- [WHAT THE TASK ASKS] Produce the lines from the one containing "Tim Johnson, 'Red" through the end of the material exactly as they appear, both ends included, and leave the pictures out.

- [PROVIDED MATERIAL]
[Start of Attachment]

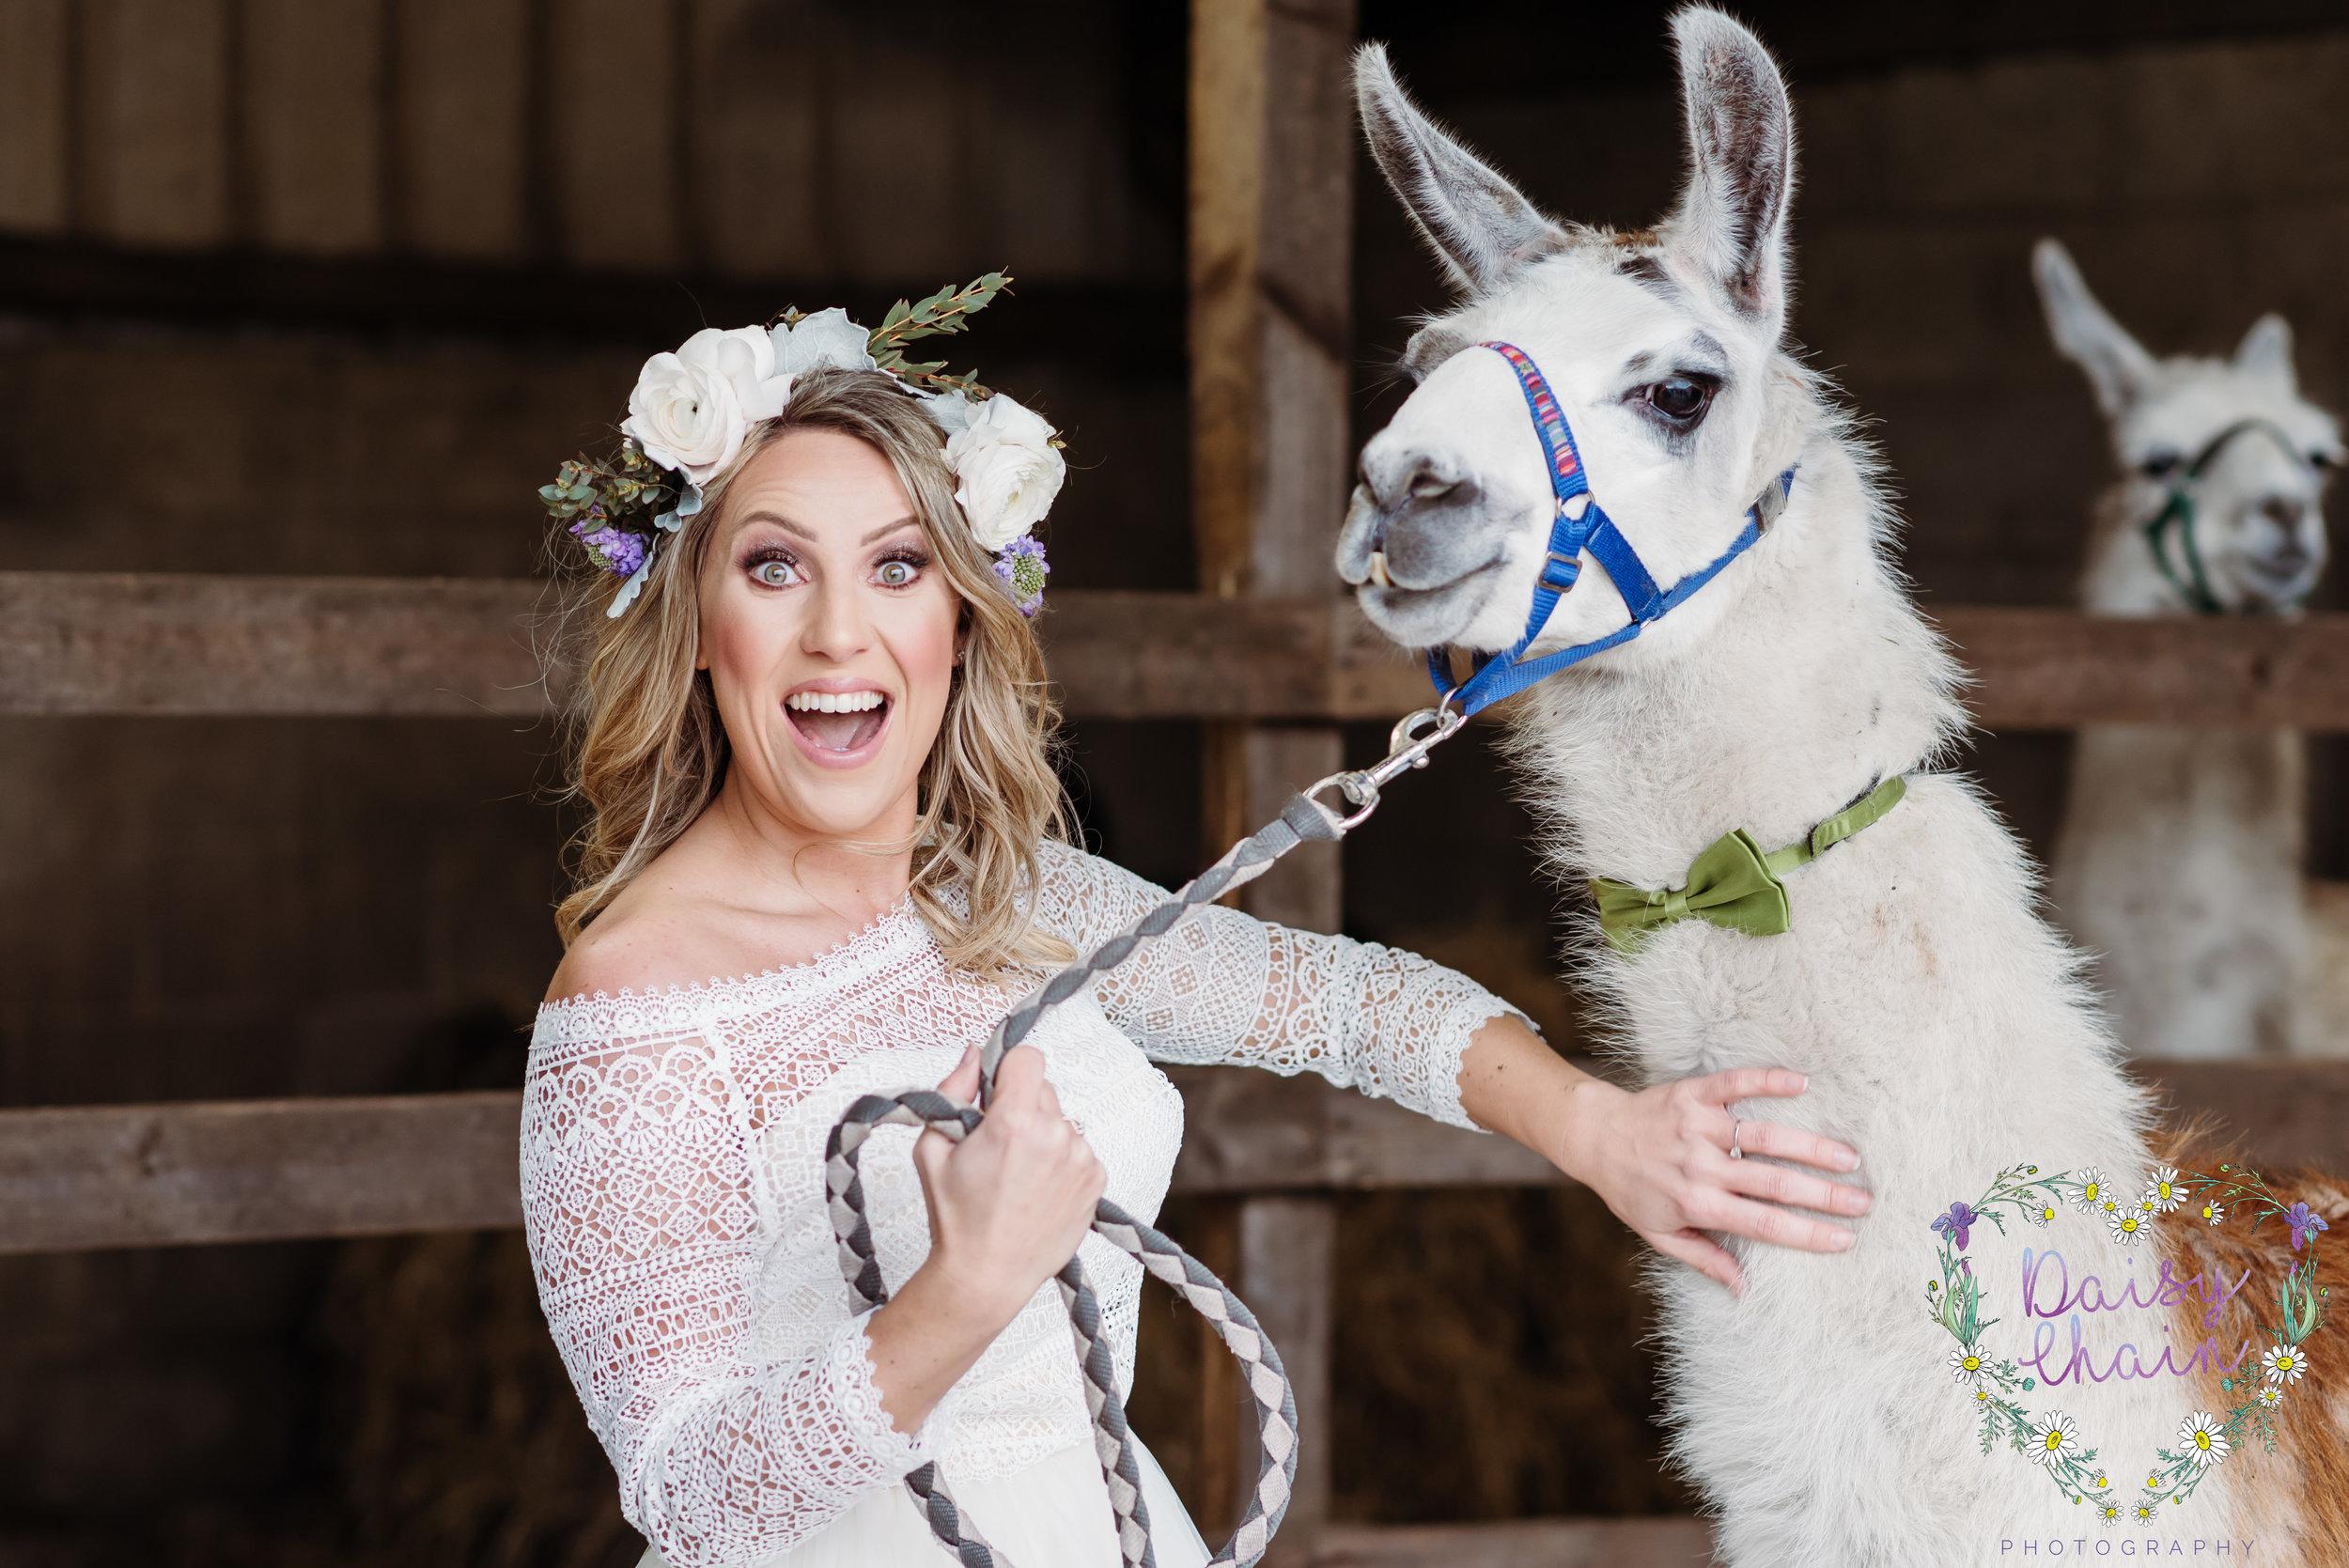 Outdoors wedding with Llamas
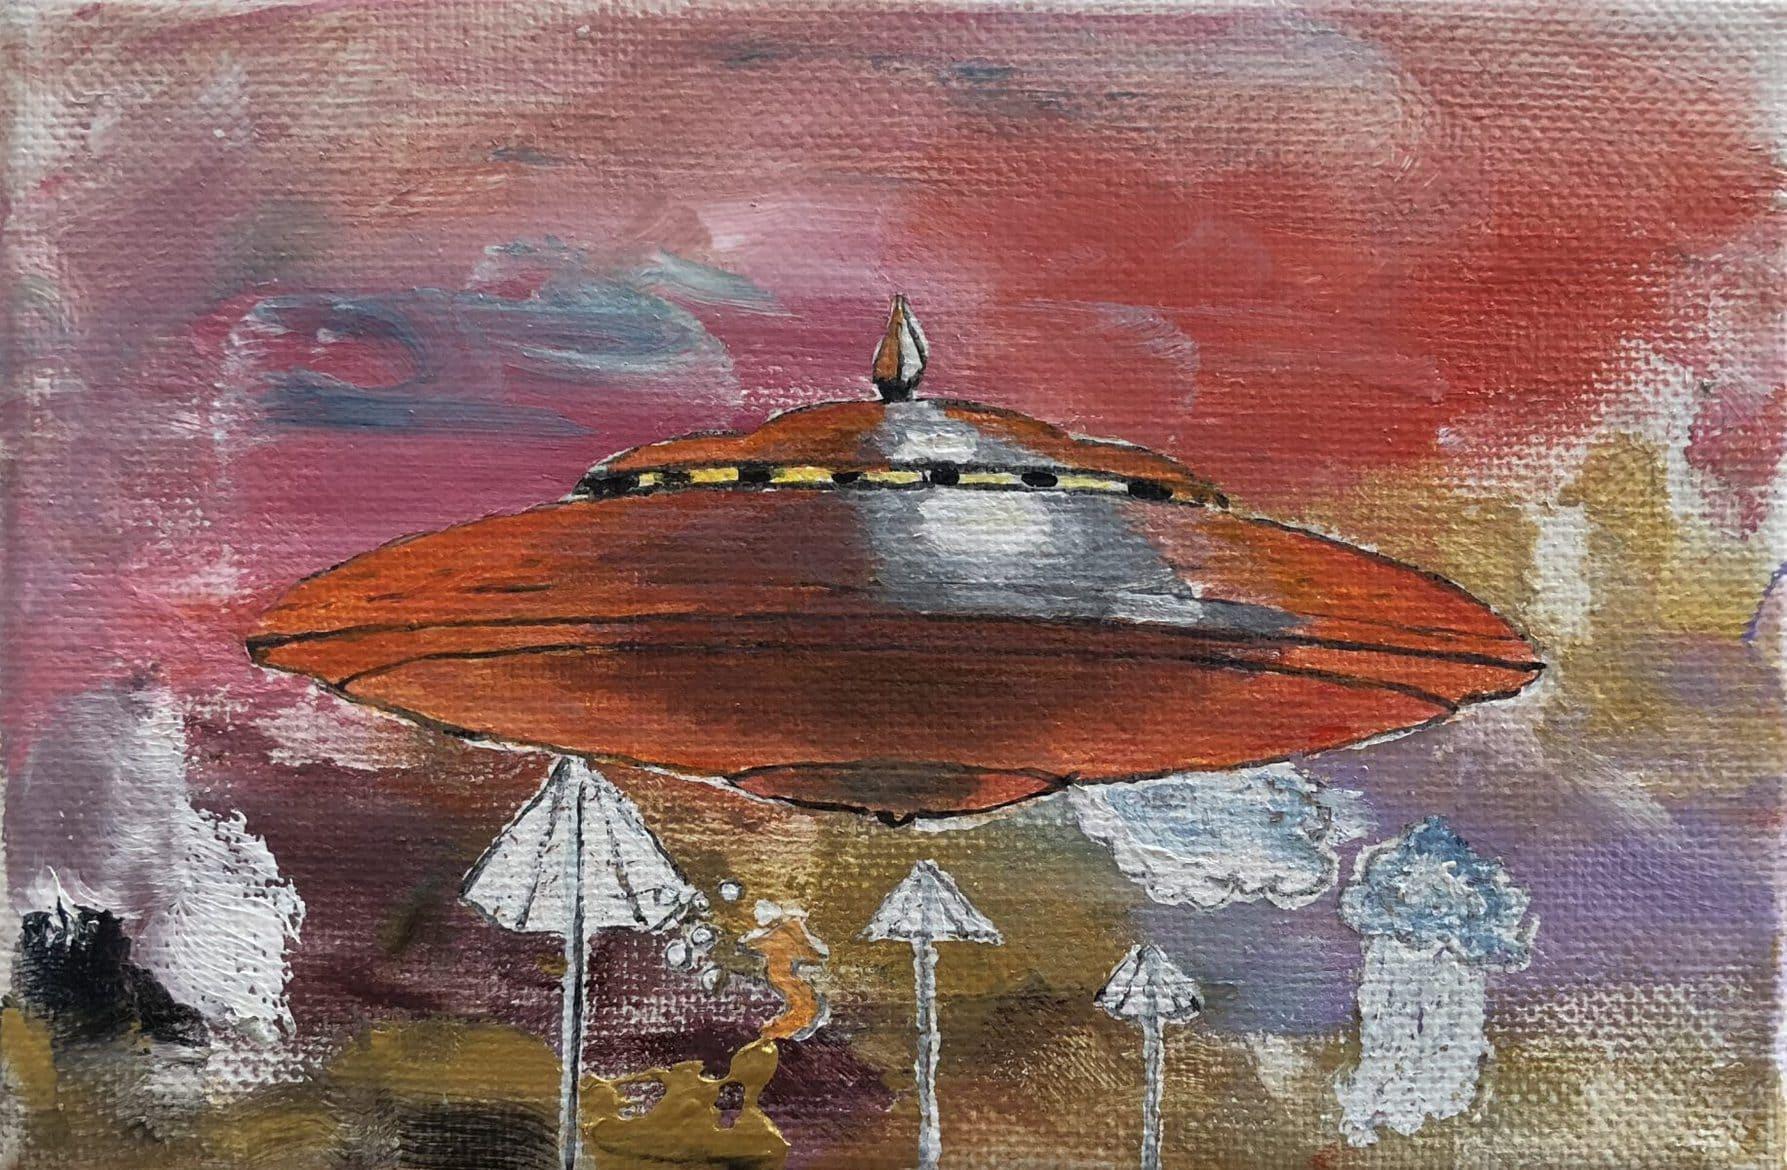 Tim Johnson, 'Red UFO', 2017, acrylic on canvas, 10 x 15 cm
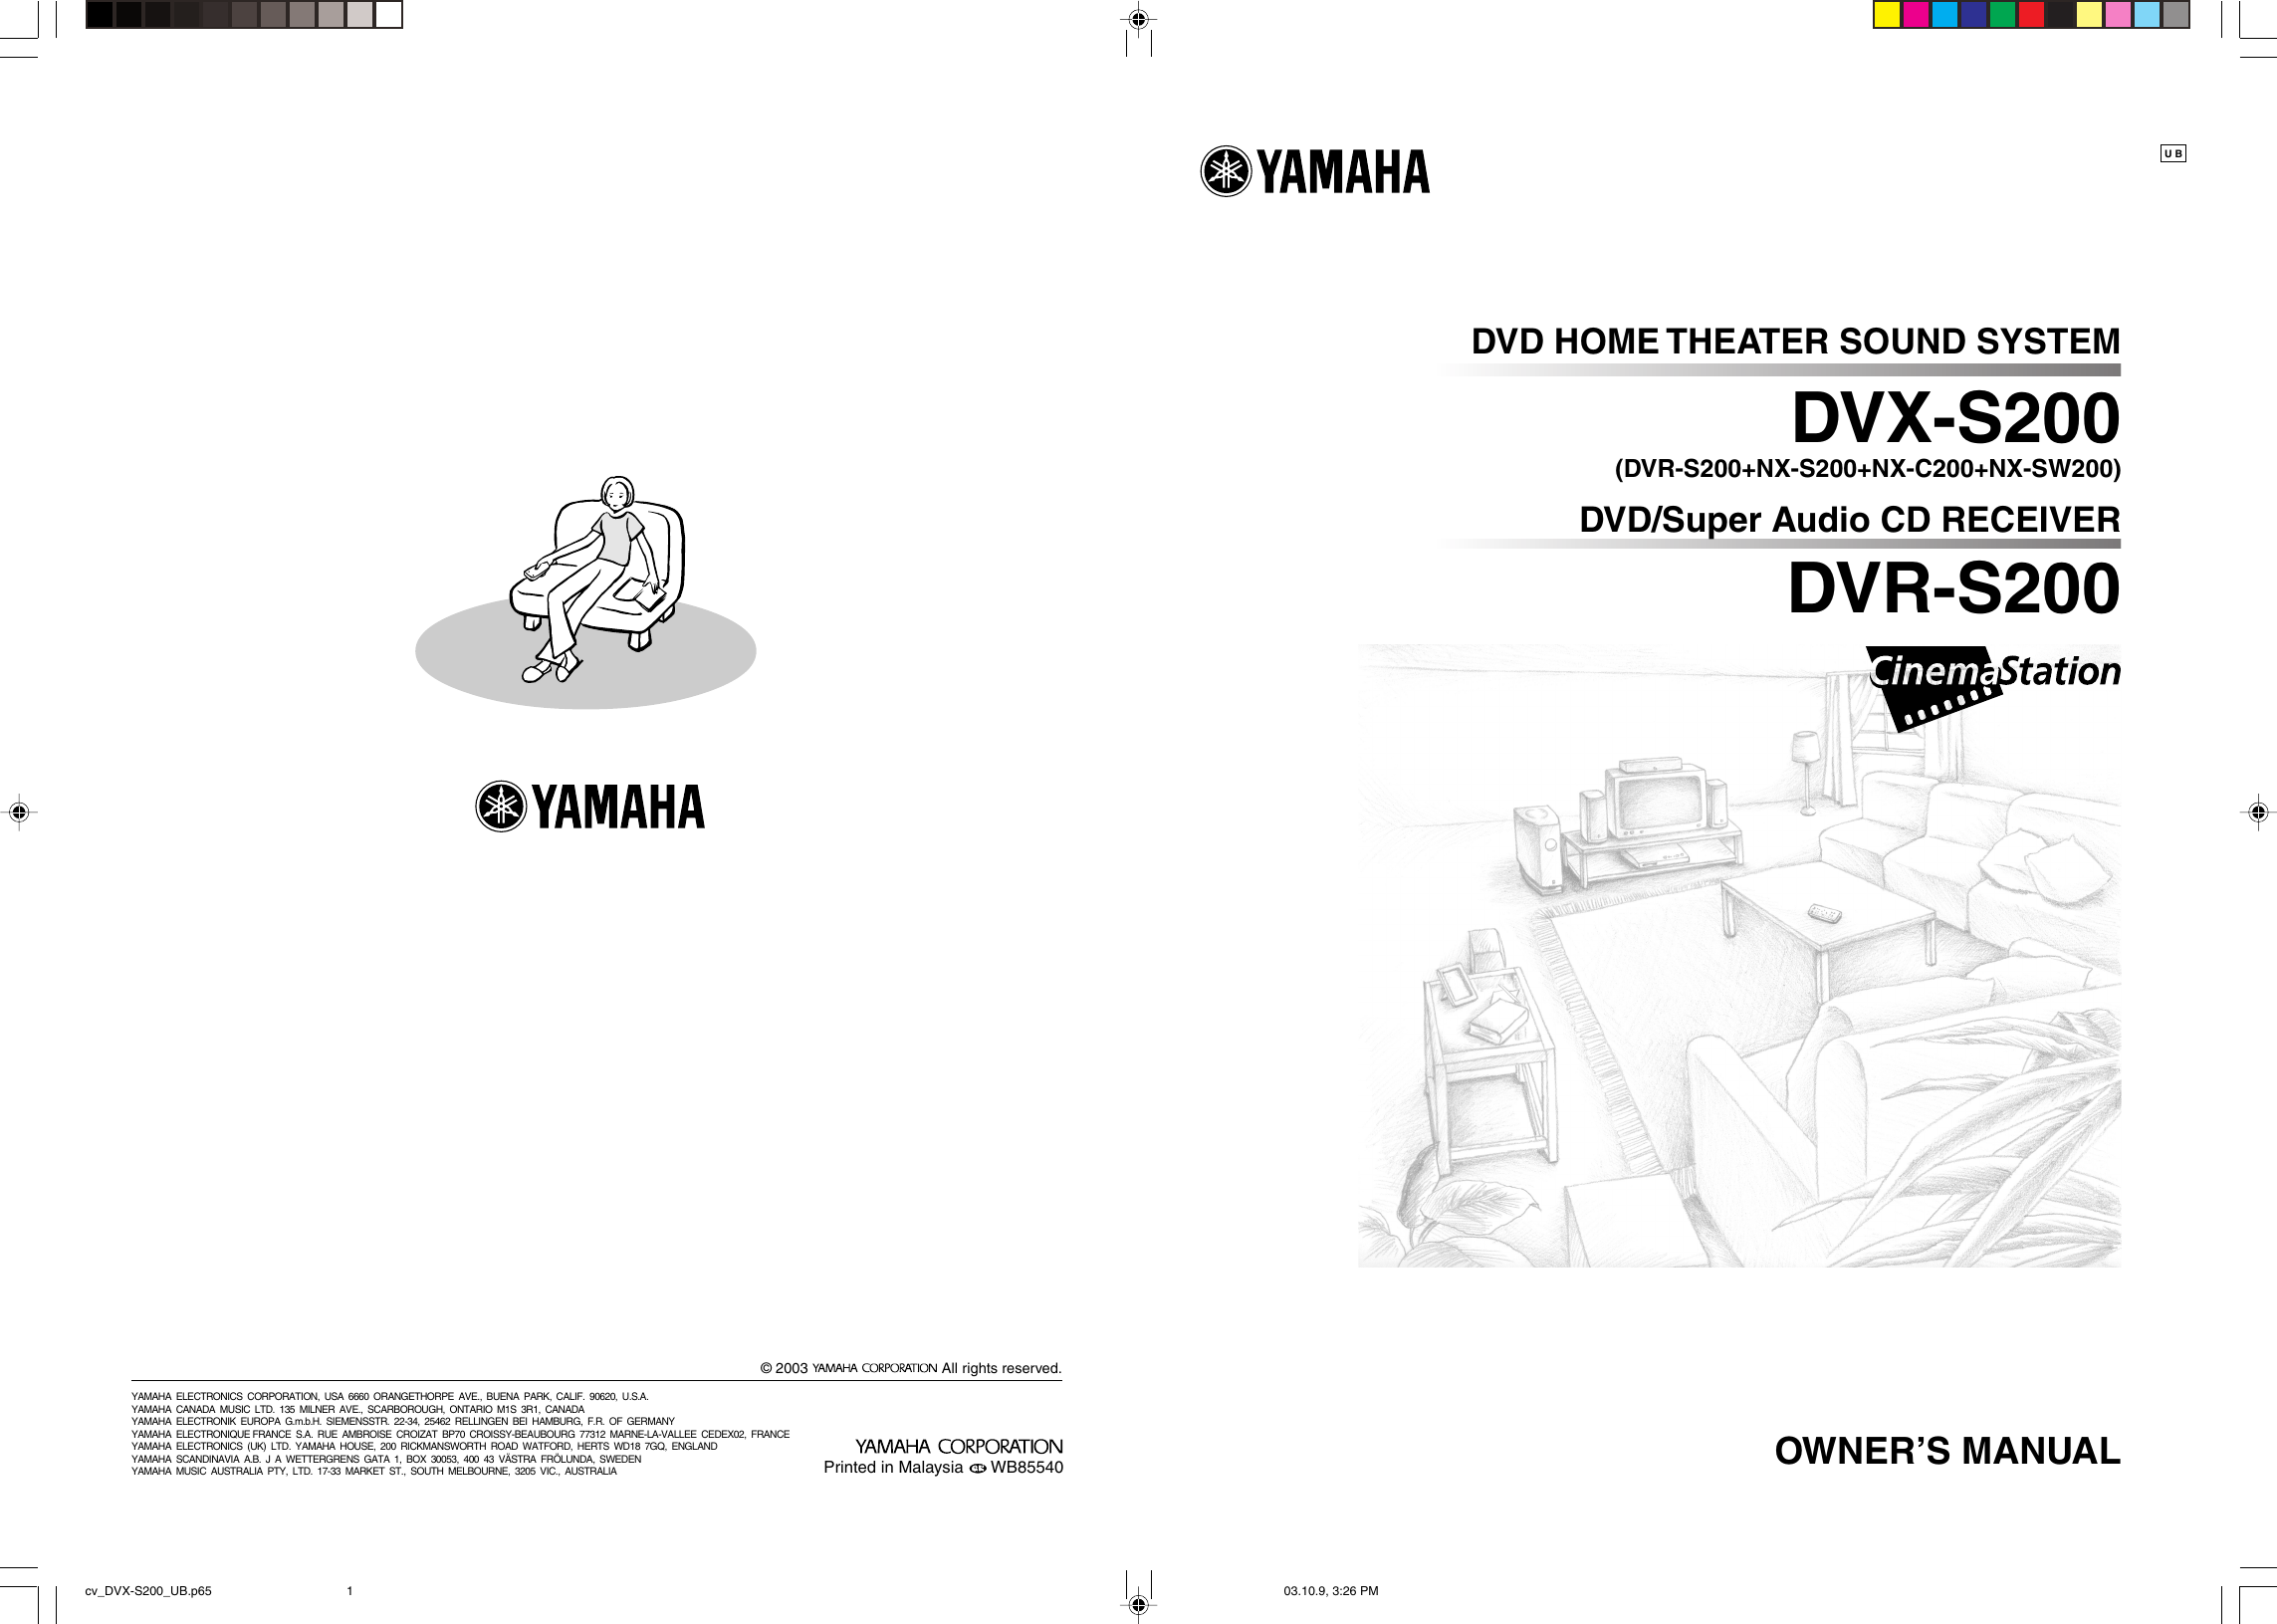 Yamaha Dvr S200 Owners Manual 001dvx S120 En

[End of Attachment]

- [SOLUTION FOR THIS EXERCISE]
 Tim Johnson, 'Red UFO', 2017, acrylic on canvas, 10 x 15 cm
 Yamaha Dvr S200 Owners Manual 001dvx S120 En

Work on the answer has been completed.